**What to do:**
Repeat the span of the entries below that starts at the line with "Army College of Nursing, Jalandhar Image" and ends at the line with "Dancing Mouse 4", nothing more. Skip the pictures.

**Study material:**

Start of Block

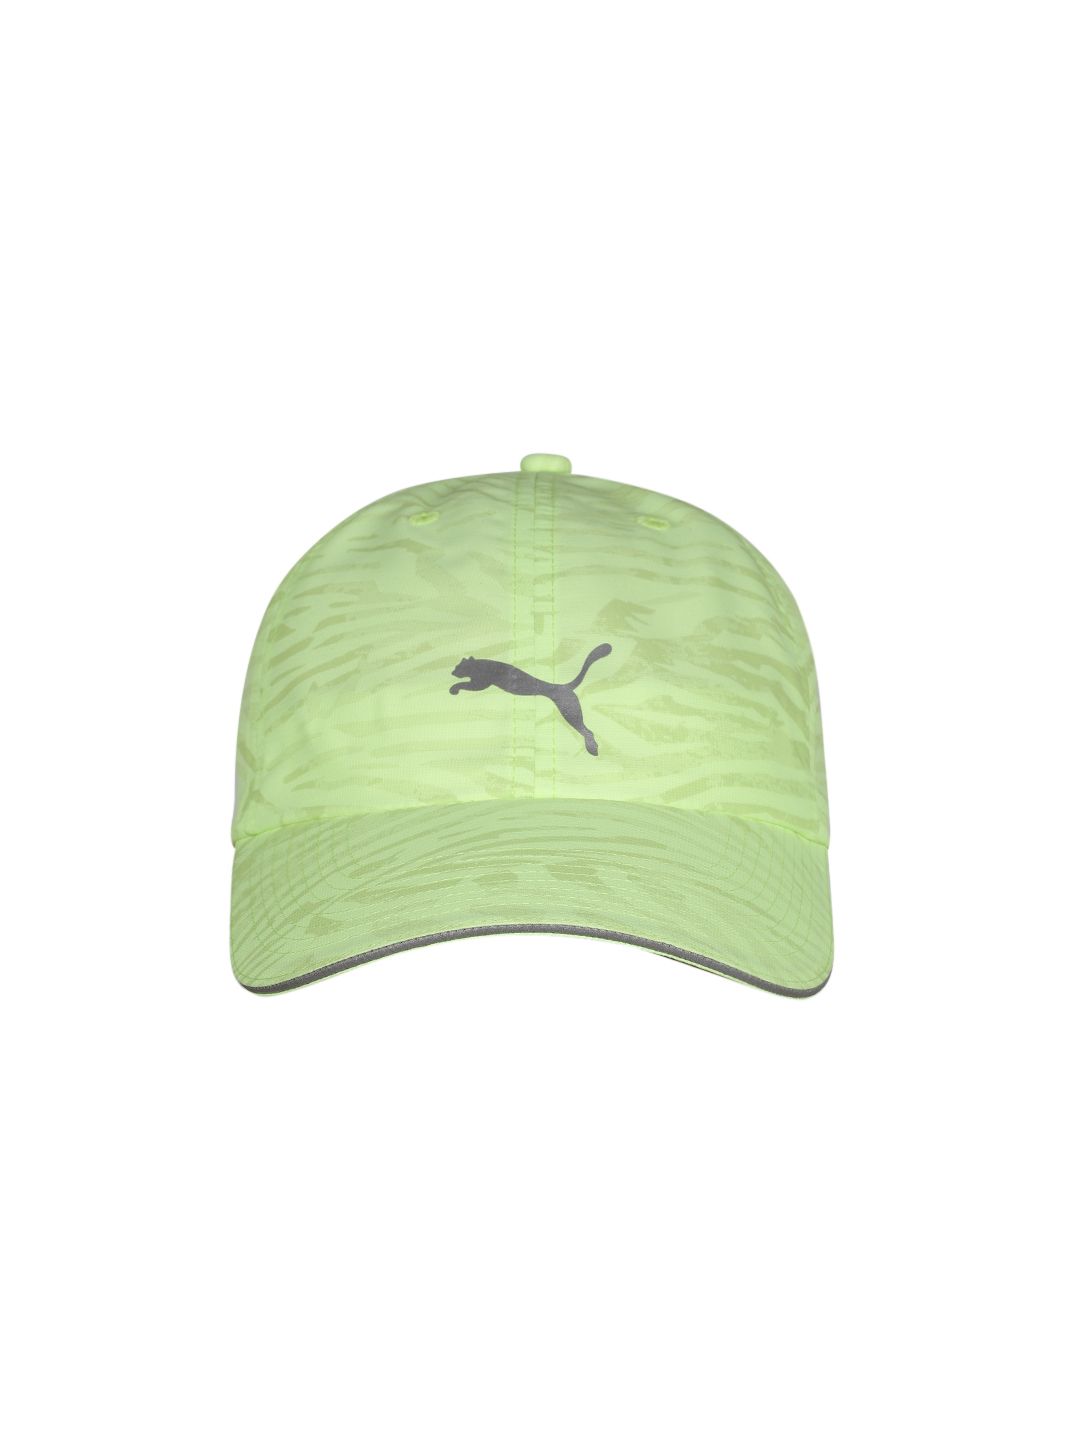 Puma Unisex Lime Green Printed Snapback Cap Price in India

End of Block
Start of Block

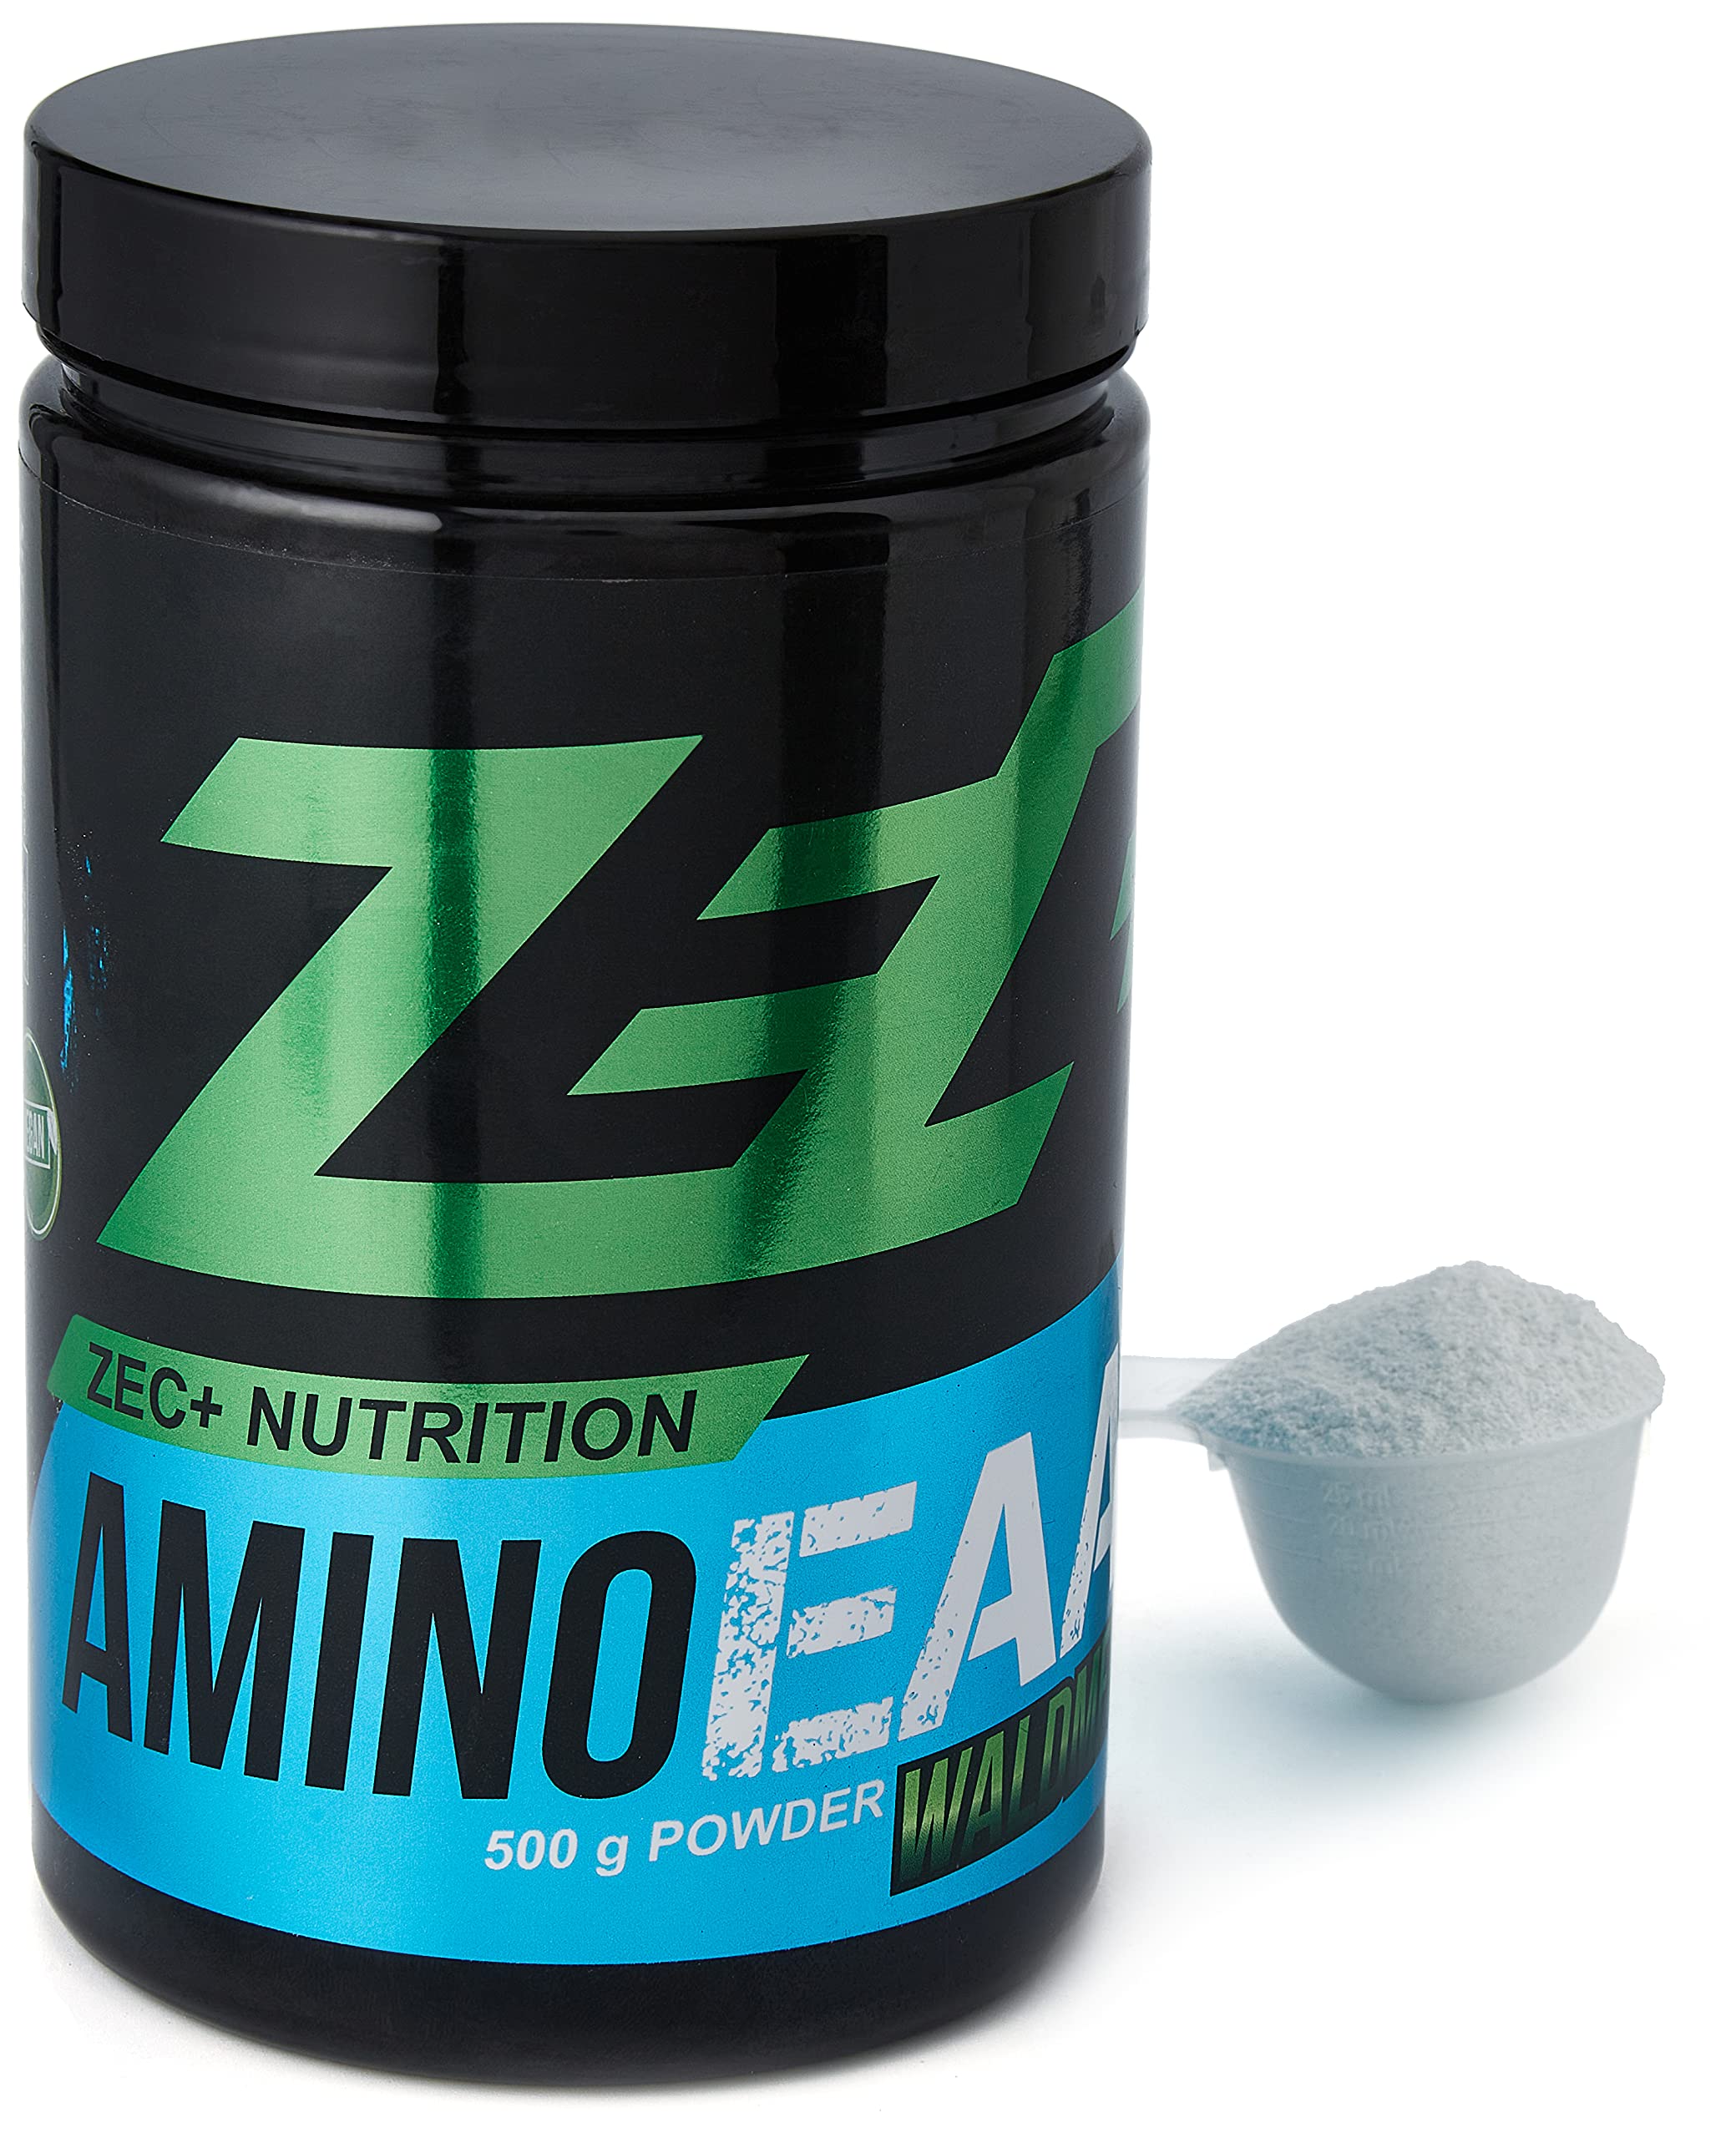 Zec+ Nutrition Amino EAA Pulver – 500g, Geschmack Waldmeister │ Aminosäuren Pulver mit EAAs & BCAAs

End of Block
Start of Block

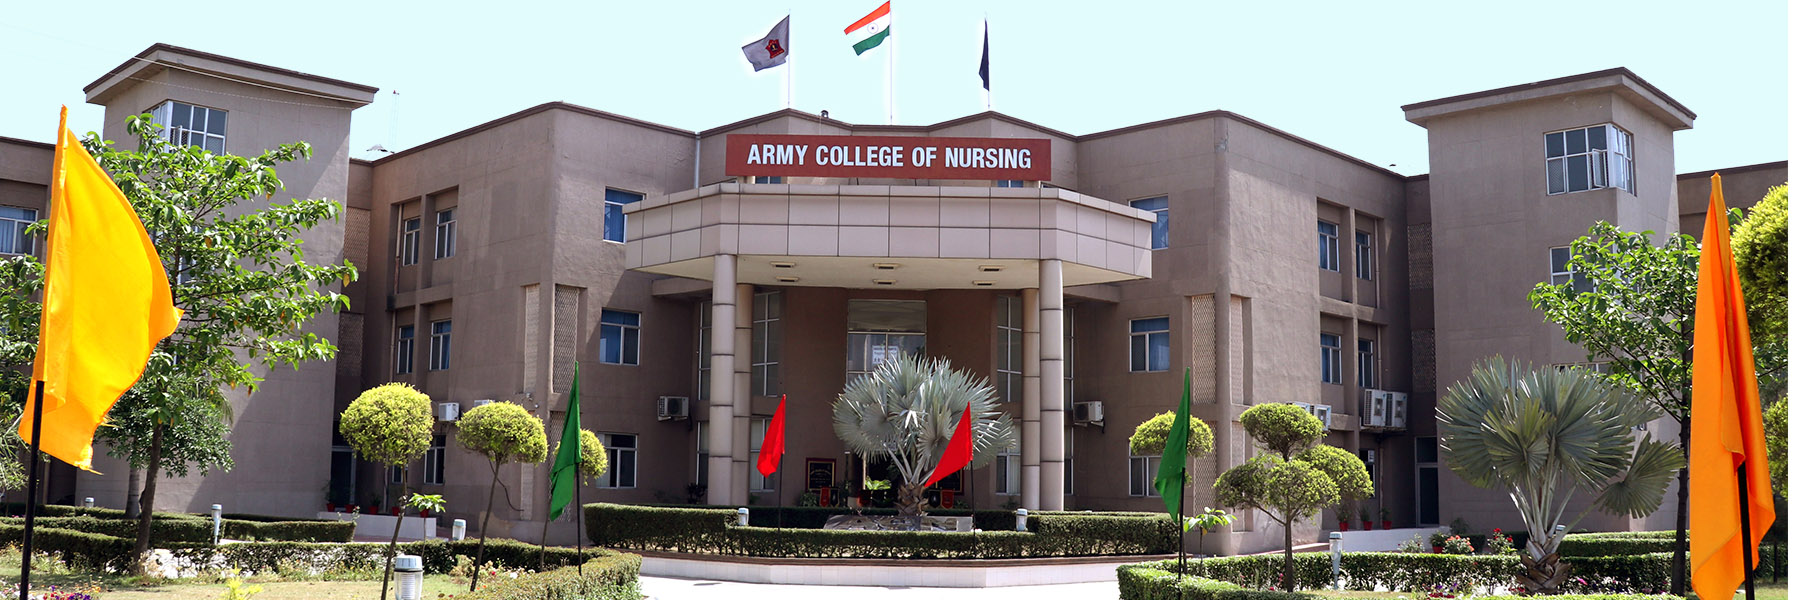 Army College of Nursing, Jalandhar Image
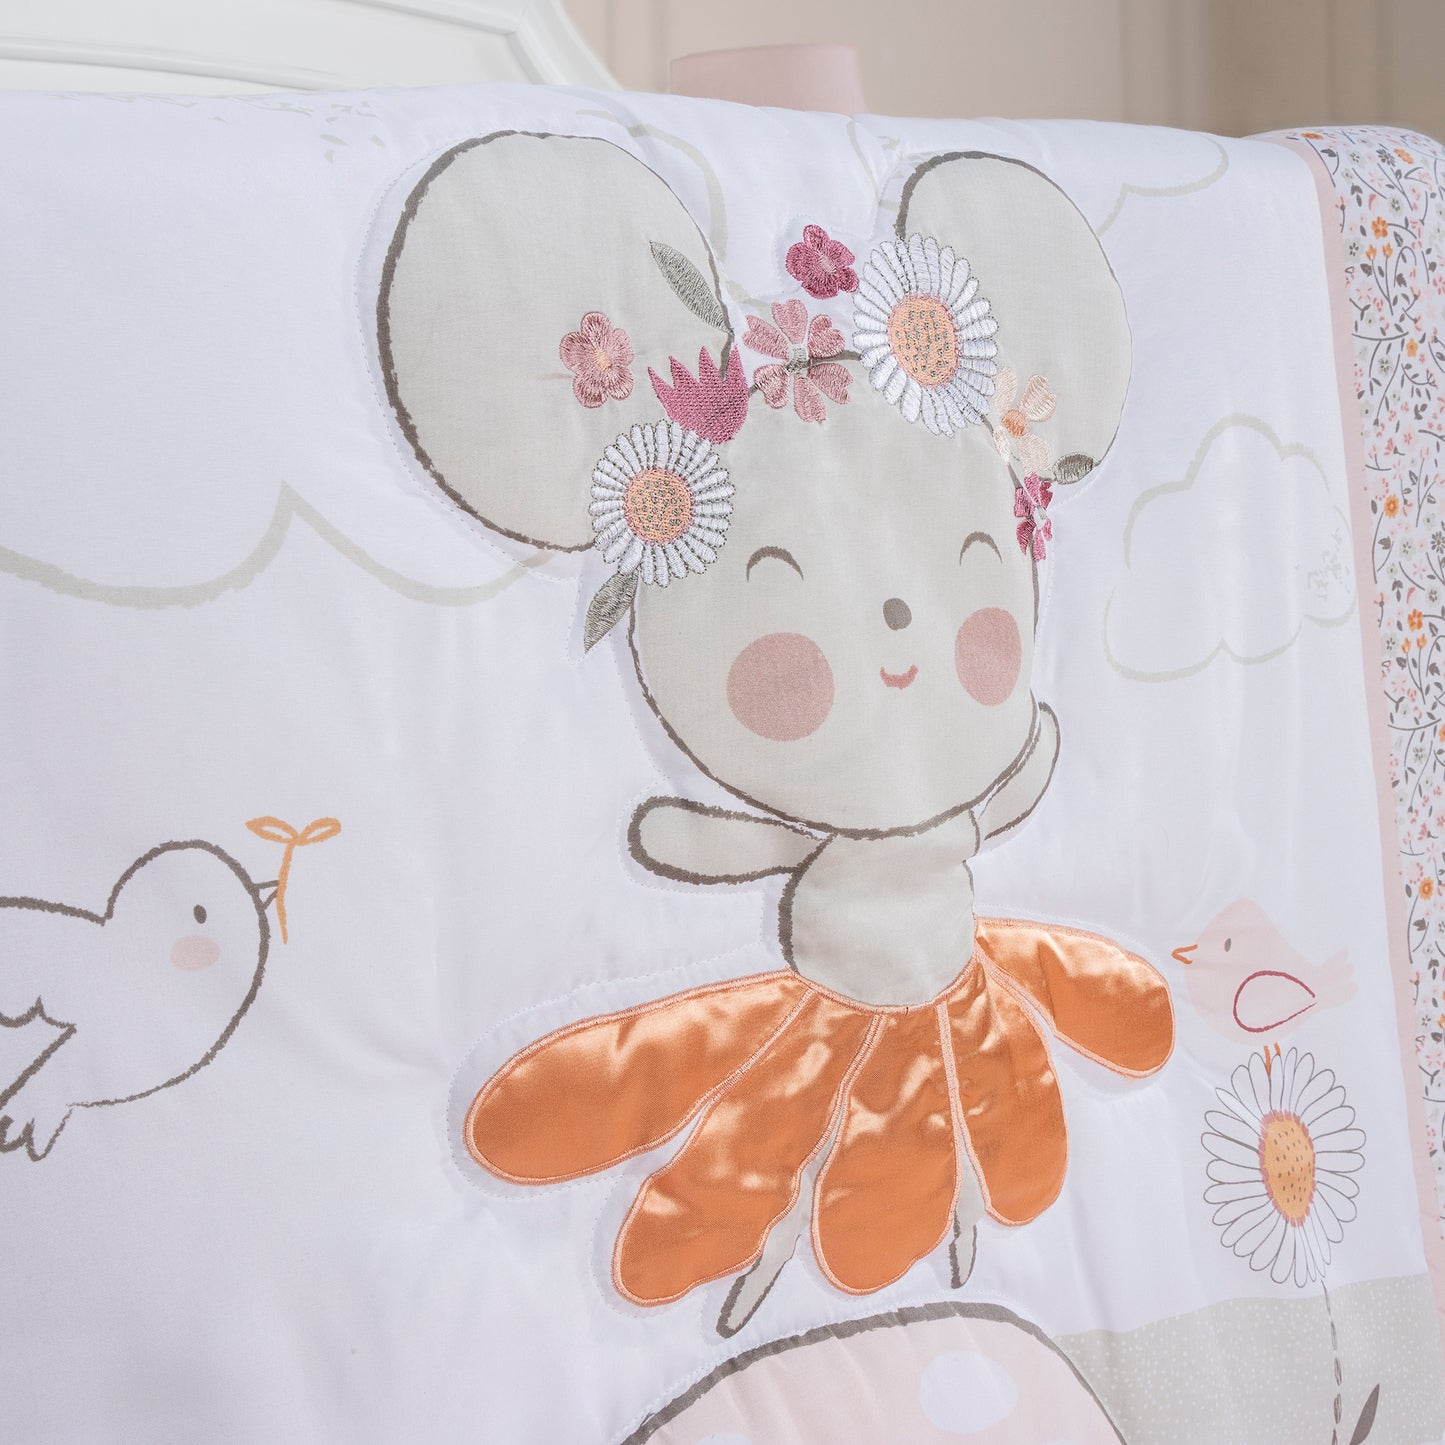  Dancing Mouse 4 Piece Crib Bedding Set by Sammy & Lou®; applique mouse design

End of Block

**Answer for this exercise:**
 Army College of Nursing, Jalandhar Image
  Dancing Mouse 4 Piece Crib Bedding Set by Sammy & Lou®; applique mouse design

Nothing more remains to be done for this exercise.